Jams, salads, cocktails and more great uses for blood oranges, now in season
What’s in season: Another cold-weather-loving member of the citrus family, the blood orange is known for its vibrant crimson interior and sweet-tart flavor. The red coloring, which sometimes appears as streaks in the fruit and a blush of pink on the skin, comes from the same anthocyanin pigment that gives raspberries their rich hue. Varieties include the deep red Moro, known for its intense flavor and aroma, the sweet Tarocco and the rosy-skinned Smith red. The oranges can be found from late winter into early spring.

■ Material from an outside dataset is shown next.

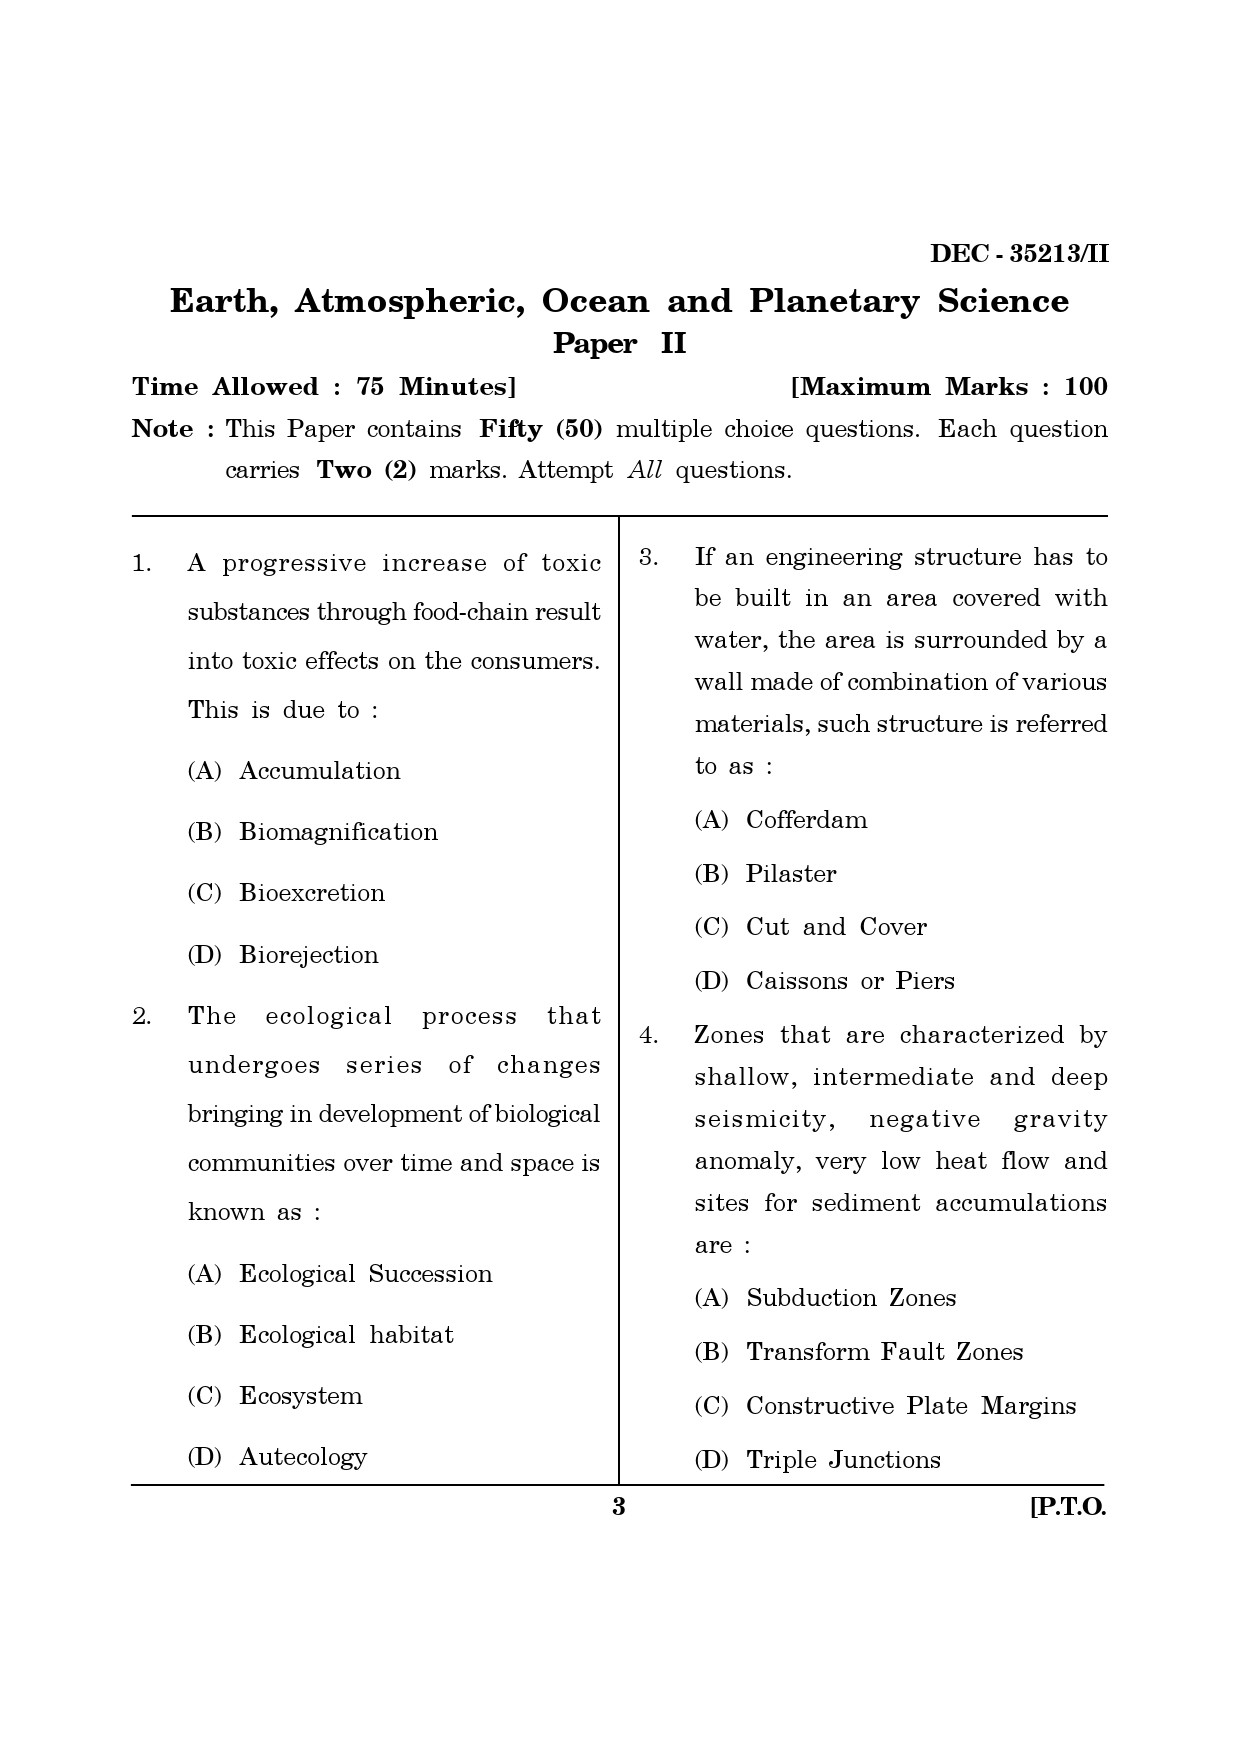 Maharashtra SET Earth Atmospheric Ocean Planetary Science Question Paper II December 2013 2

What to cook: Because of their bright red color, blood oranges lend a dramatic flair to any of a number of dishes, sweet or savory. Add fresh orange slices or segments to salads, and juice the fruit (be careful, it stains) into cocktails. Simmer the oranges for marmalade or jam. Add the juice to marinades or incorporate it into a sauce — classic Maltaise sauce is nothing more than Hollandaise combined with blood orange juice and is terrific spooned over vegetables or fish. Blood oranges also work well in desserts, lending flavor and color to ice creams and custards, as well as cakes and tarts.
What’s on the horizon: Smooth, green Fuertes and pebbly Hass are just a couple of the varieties of avocados showing up now. You can also find cherimoya, an oddly-shaped fruit with leathery green skin that’s prized for its velvety texture and sweet, tropical flavor.